This repo contains performance and resource for the building blocks of fpgaConvNet, a Streaming Architecture-based Convolutional Neural Network (CNN) acceleration toolflow, which maps CNN models to FPGAs. The building blocks are implemented in hardware in the fpgaconvnet-hls repository. These models are used in conjunction with samo, a Streaming Architecture optimiser, where there are instructions for performing optimisation.
The following programs are required:
python (>=3.7)
To install this package, run from this directory the following:
python -m pip install fpgaconvnet-model
This repo can be used to get performance and resource estimates for different hardware configurations. To start, the desired network will need to be parsed into fpgaConvNet's representation. Then a hardware configuration can be loaded, and performance and resource predictions obtained.

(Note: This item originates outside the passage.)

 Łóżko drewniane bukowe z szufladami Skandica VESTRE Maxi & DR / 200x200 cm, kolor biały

from fpgaconvnet.parser import Parser
# initialise network, and load a configuration
parser = Parser(backend="chisel", quant_mode="auto") # use the HLS backend with 16-bit fixed-point quantisation
net = parser.onnx_to_fpgaconvnet("model.onnx") # parse the onnx model
# load existing configuration
net = parser.prototxt_to_fpgaconvnet(net, "config-path.json")

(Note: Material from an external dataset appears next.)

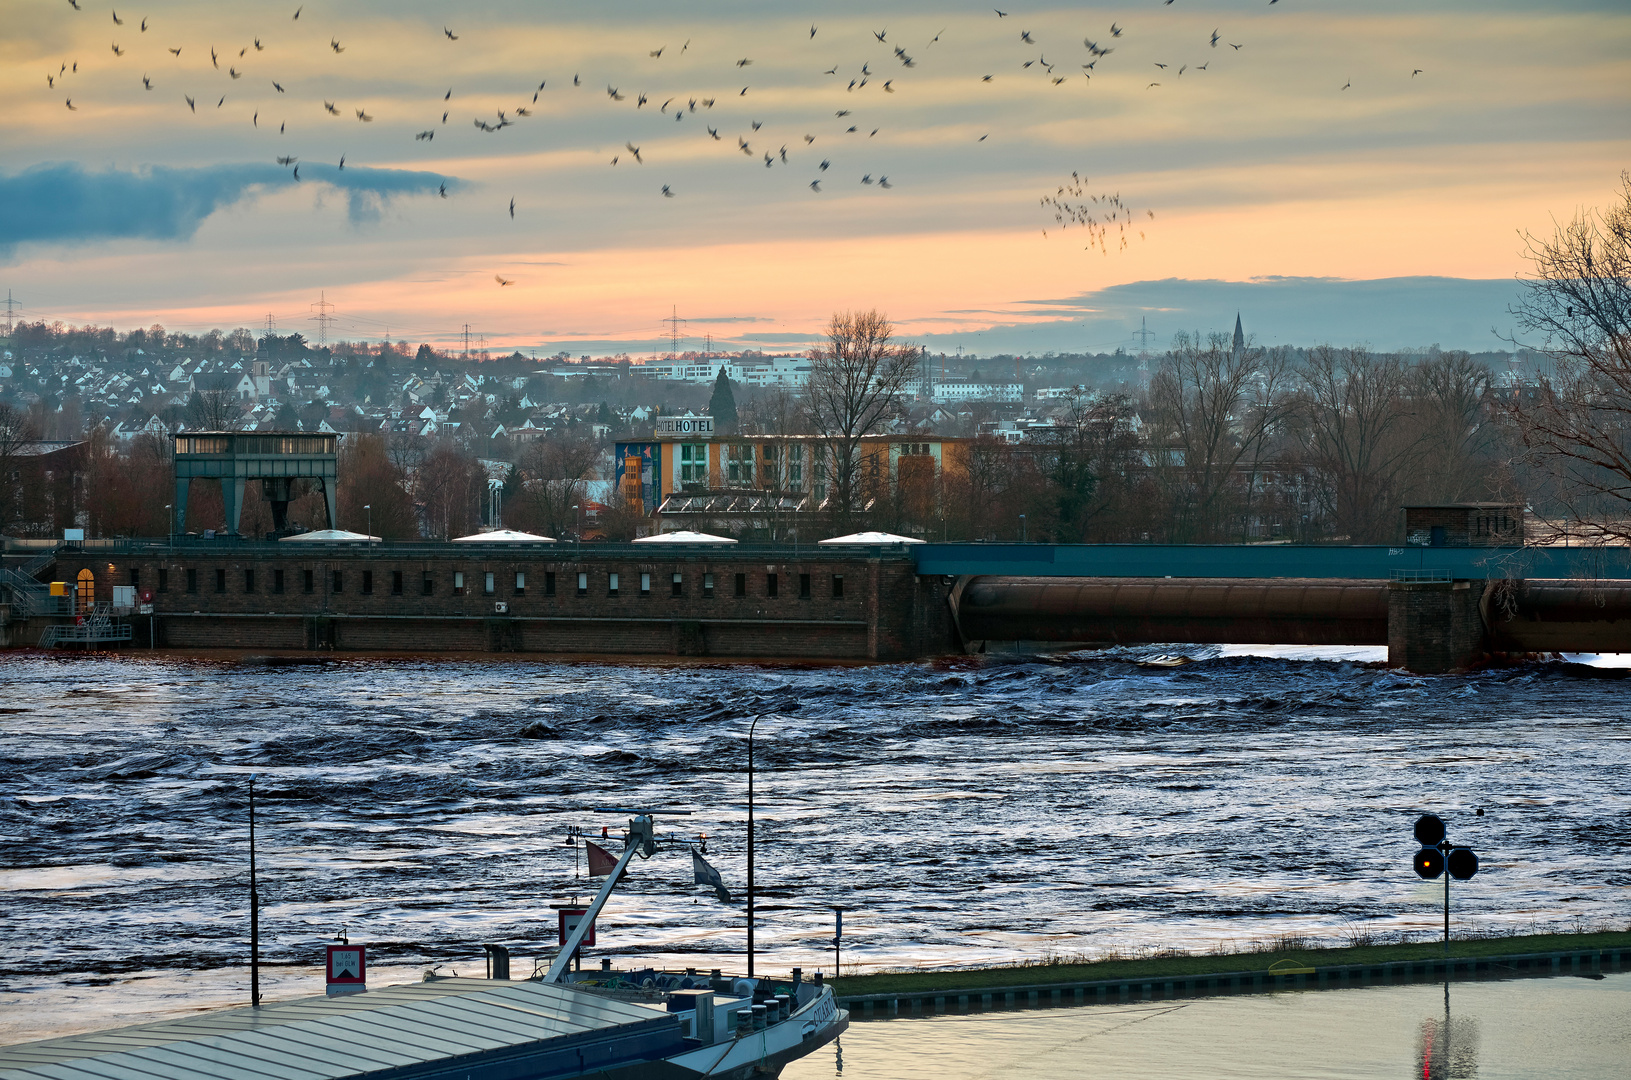 Letztes Wehr der Mosel in Koblenz, Hochwasser am 05. Feb 2021

# print performance and resource estimates
print(f"predicted latency (us): {net.get_latency()*1000000}")
print(f"predicted throughput (img/s): {net.get_throughput()} (batch size={net.batch_size})")
print(f"predicted resource usage: {net.partitions[0].get_resource_usage()}")
# visualise the network configuration
net.visualise("image-path.png", mode="png")
# export out the configuration
net.save_all_partitions("config-path.json")
In order to do the CNN to hardware mapping, a model of the hardware is needed. There are four levels of abstraction for the final hardware: modules, layers, partitions and network. At each level of abstraction, there is an associated performance and resource estimate so that the constraints for the optimiser can be obtained.
- Module: These are the basic building blocks of the accelerator. The modules are the following:
- Accum & Accum3D
- Activation3D
- AveragePool & AveragePool3D
- BatchNorm
- Bias & Bias3D
- Concat
- Conv & Conv3D
- EltWise & EltWise3D
- Fork & Fork3D
- Glue & Glue3D
- MaxPool
- Pool & Pool3D
- SlidingWindow & SlidingWindow3D
- Squeeze & Squeeze3D
- Stride
- VectorDot & VectorDot3D
- Layer: Layers are comprised of modules. They have the same functionality of the equivalent layers of the CNN model. The following layers are supported:
- Activation 3D
- AveragePooling & AveragePooling 3D
- Batch Normalization
- Concatenation
- Convolution & Convolution 3D
- Element Wise & Element Wise 3D
- Inner Product & Inner Product 3D
- Pooling & Pooling 3D
- ReLU & ReLU 3D
- Split & Split 3D
- Squeeze & Squeeze 3D
- Partition: Partitions make up a sub-graph of the CNN model network. They are comprised of layers. A single partition fits on an FPGA at a time, and partitions are changed by reconfiguring the FPGA.
- Network: This is the entire CNN model described through hardware. A network contains partitions and information on how to execute them.
Feel free to post an issue if you have any questions or problems!